◆ What is expected ◆
Starting at the line with "Creek Bottom Detail, Surprise" and stopping at the final line, retype the data below exactly; do not carry over any pictures.

◆ Source data ◆
----

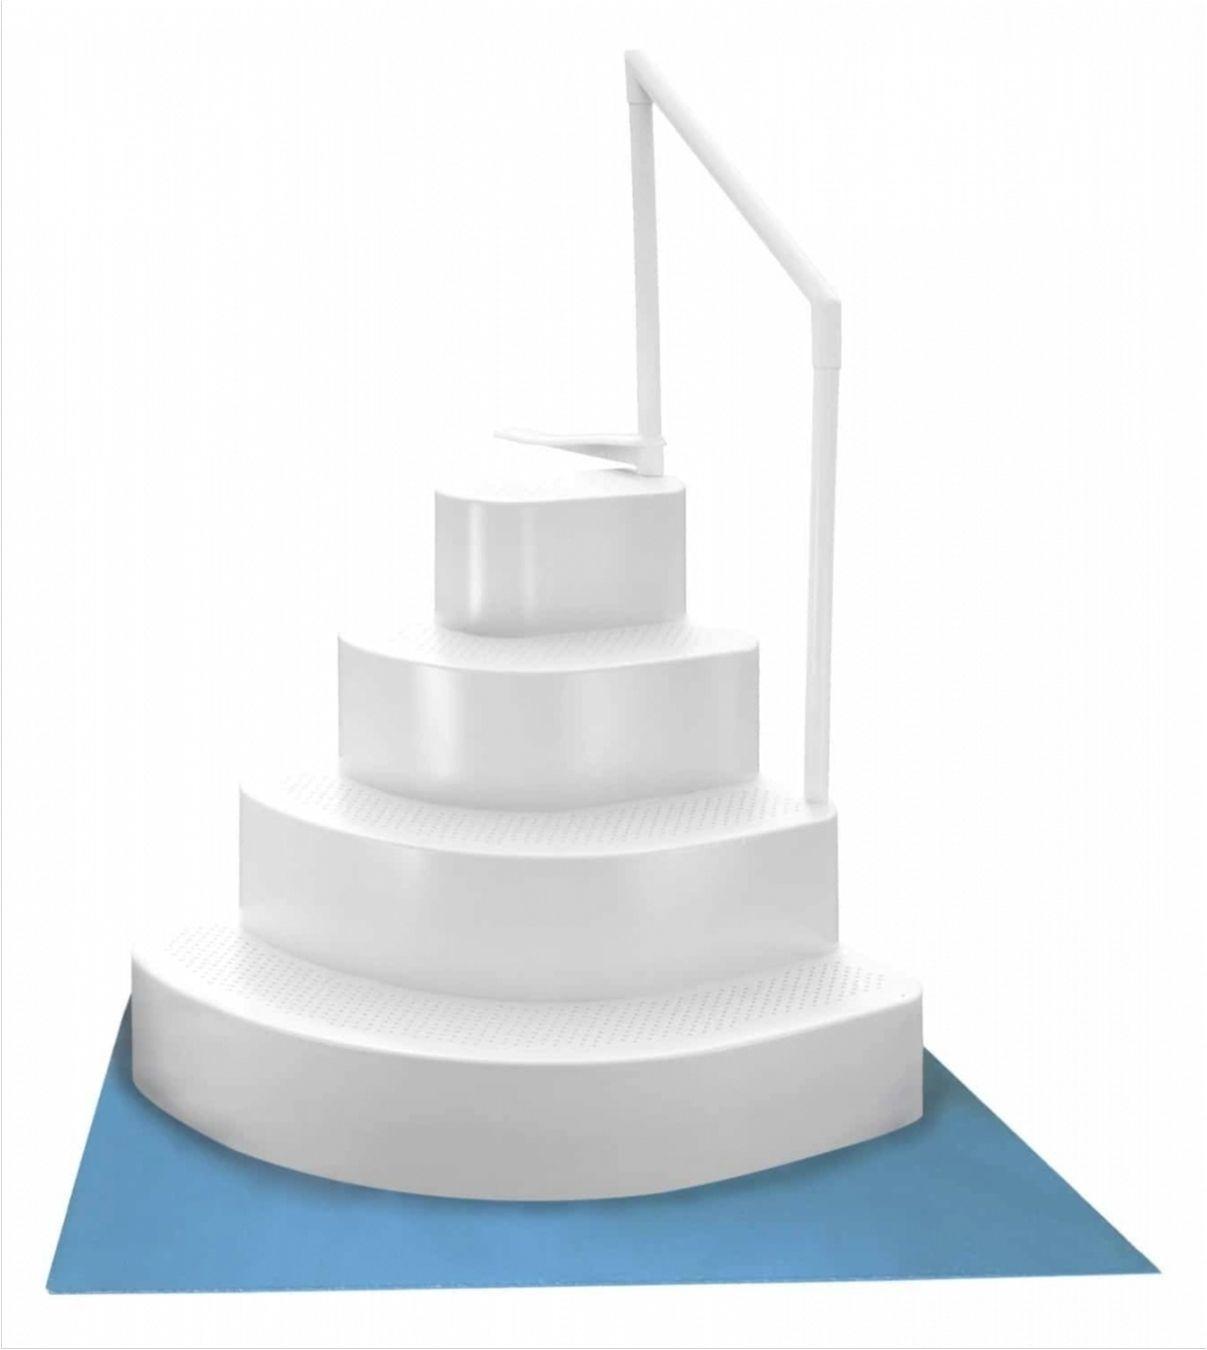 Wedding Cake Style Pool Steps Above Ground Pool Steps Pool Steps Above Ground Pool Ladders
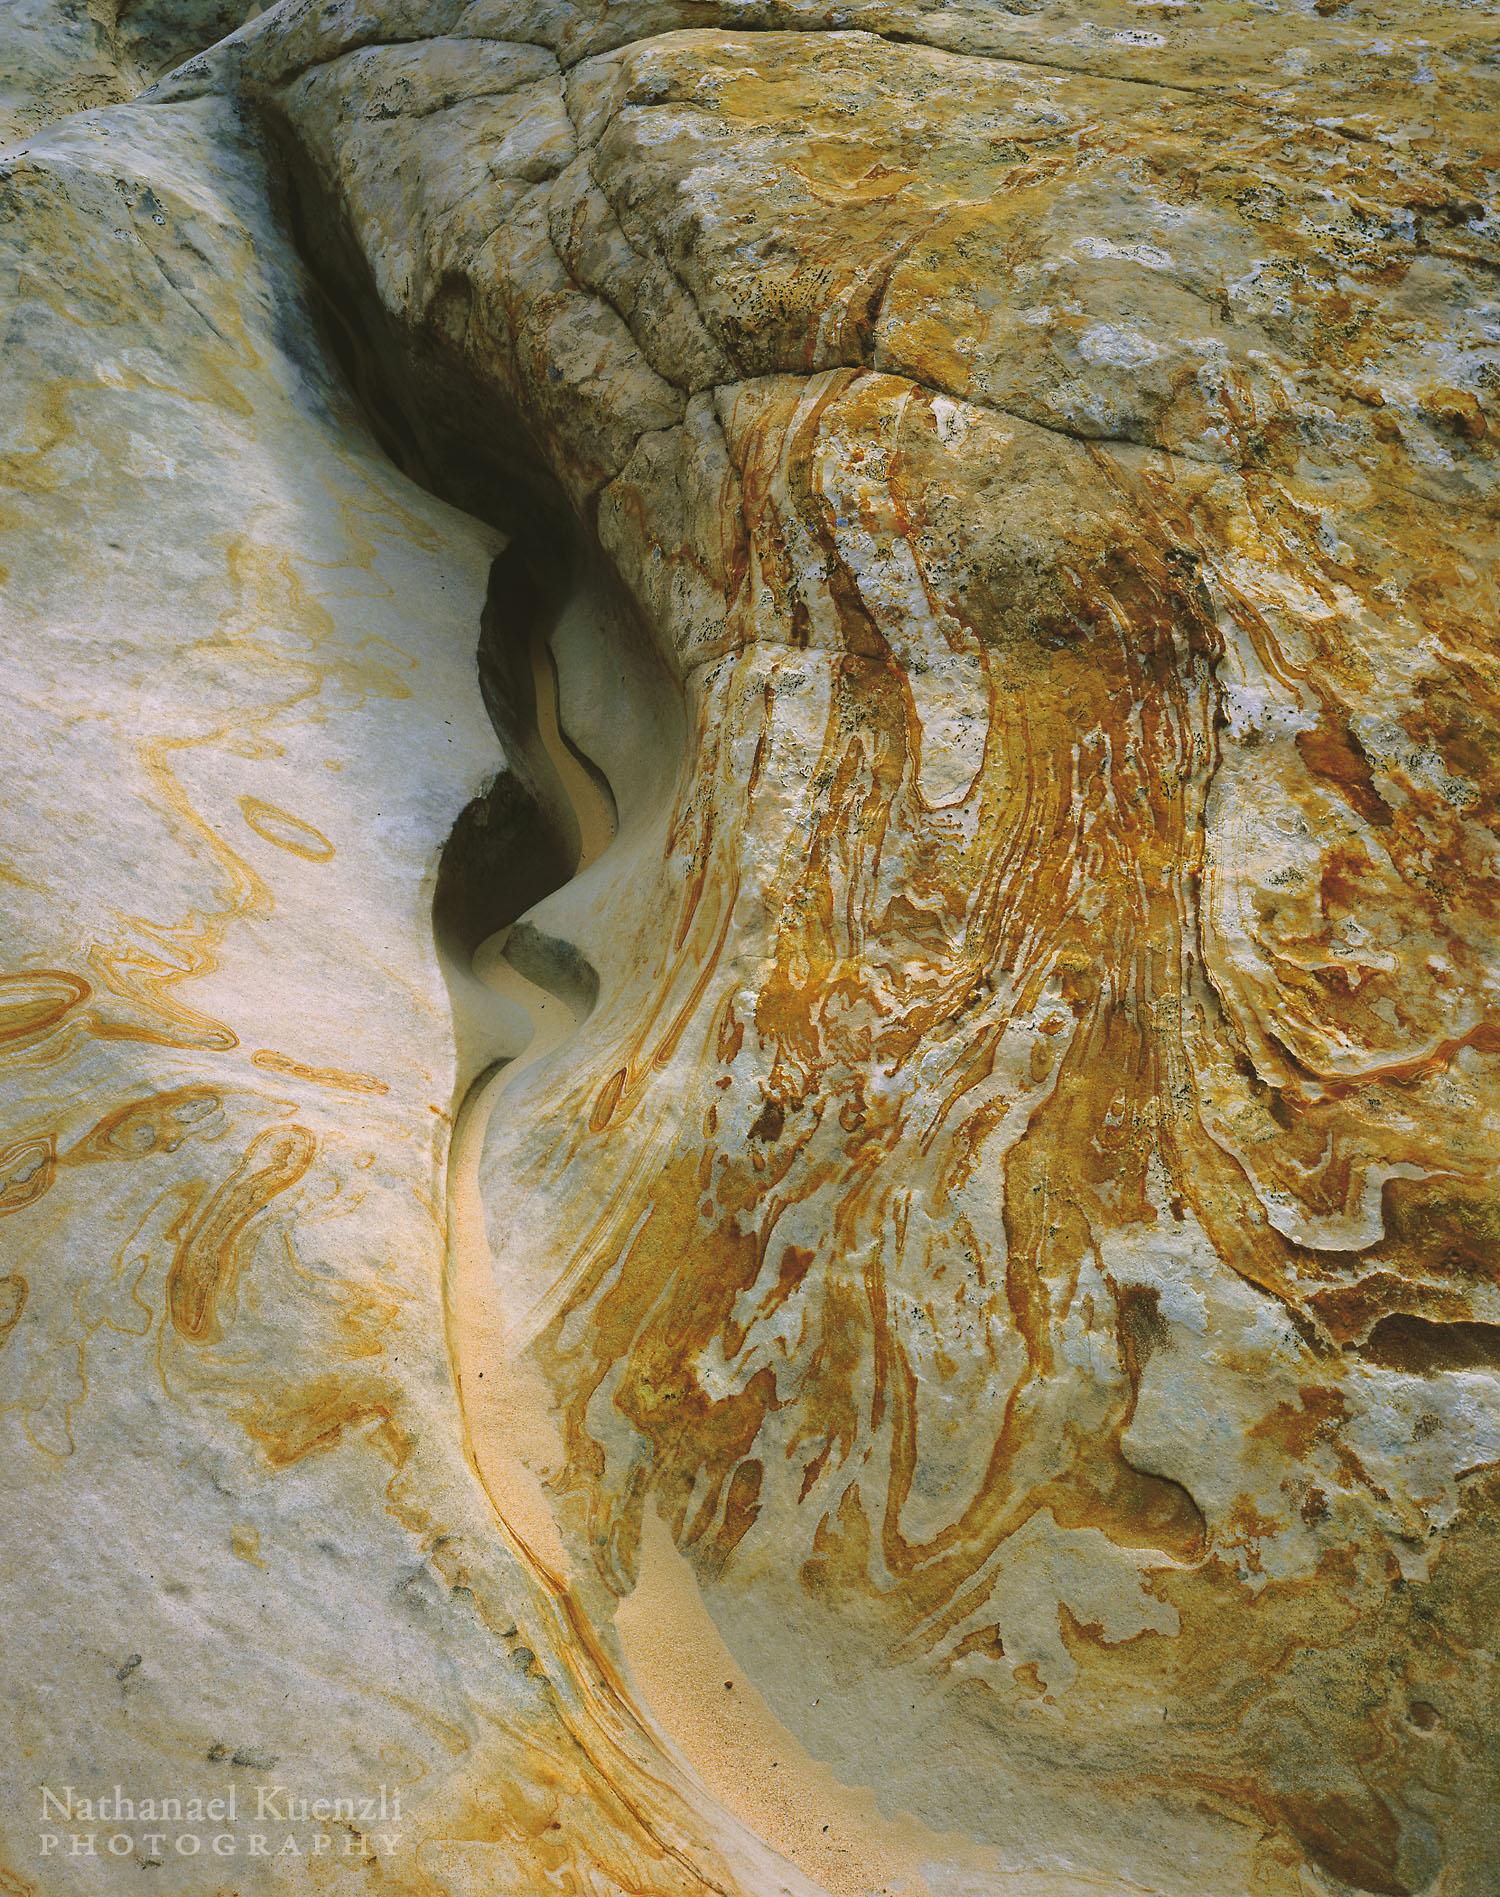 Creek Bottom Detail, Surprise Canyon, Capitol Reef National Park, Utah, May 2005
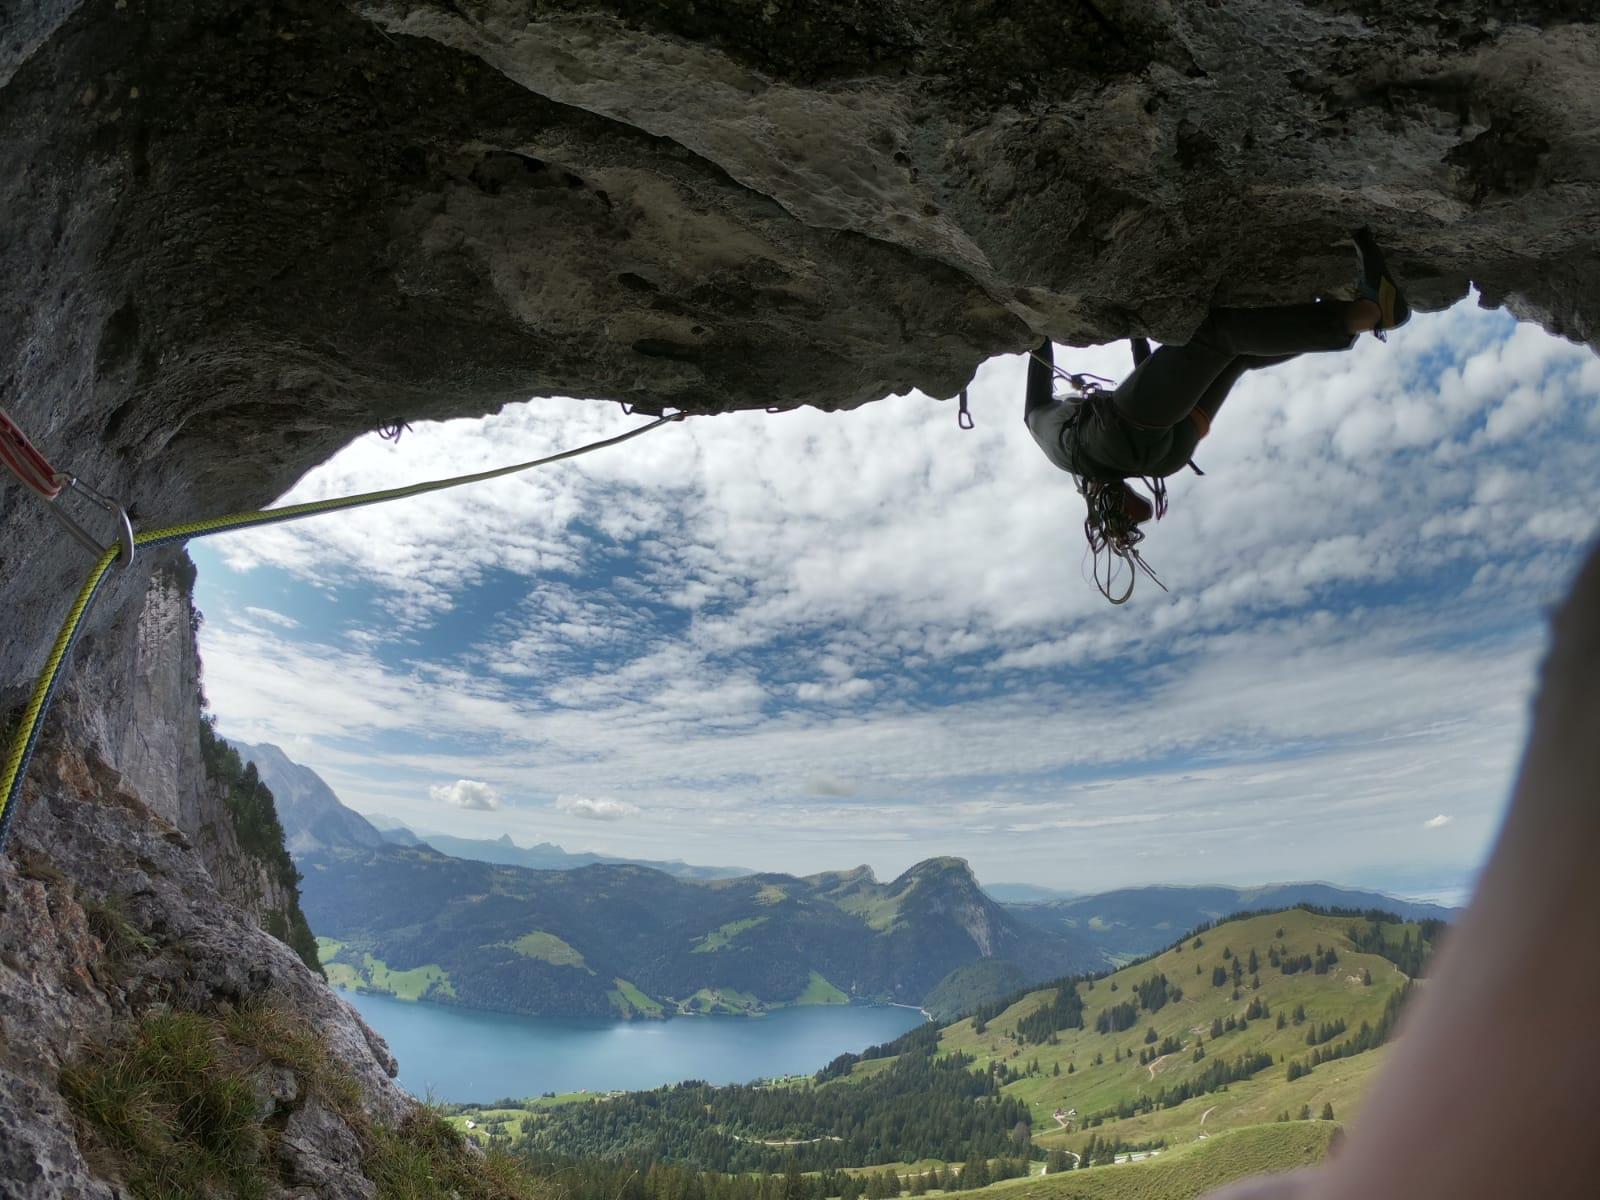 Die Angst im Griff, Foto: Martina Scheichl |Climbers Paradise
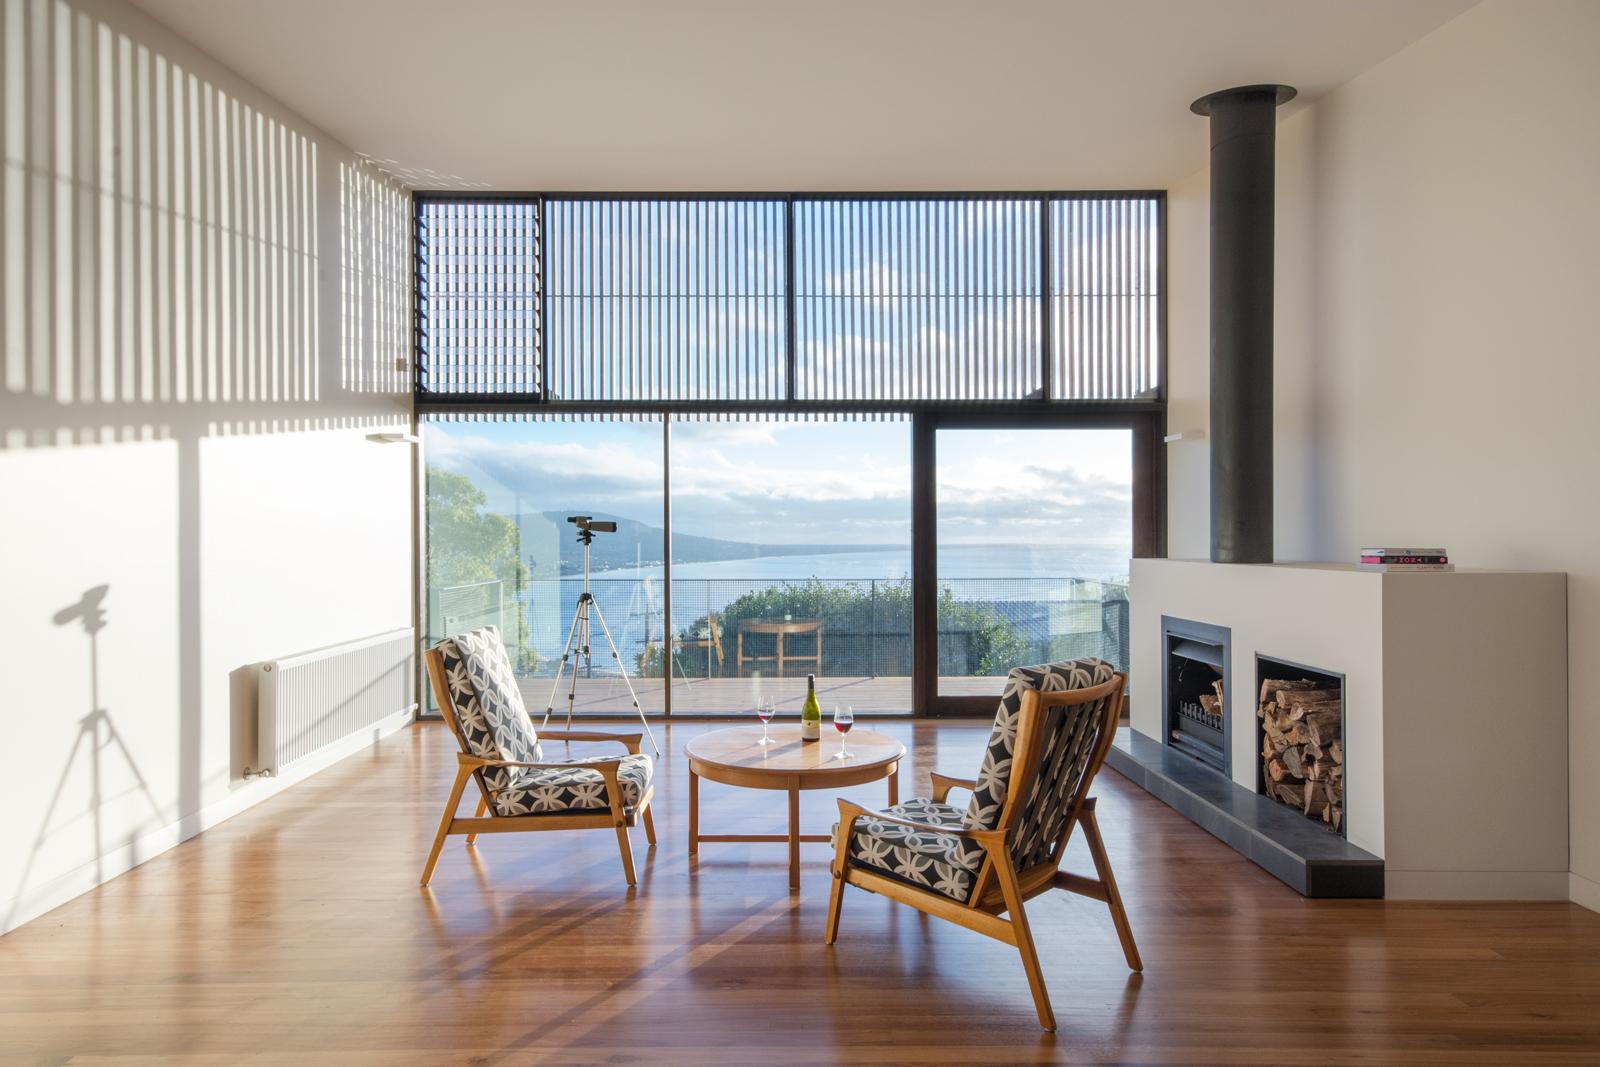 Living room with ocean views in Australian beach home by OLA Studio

----

◆ Task response ◆
 Creek Bottom Detail, Surprise Canyon, Capitol Reef National Park, Utah, May 2005
 Die Angst im Griff, Foto: Martina Scheichl |Climbers Paradise
 Living room with ocean views in Australian beach home by OLA Studio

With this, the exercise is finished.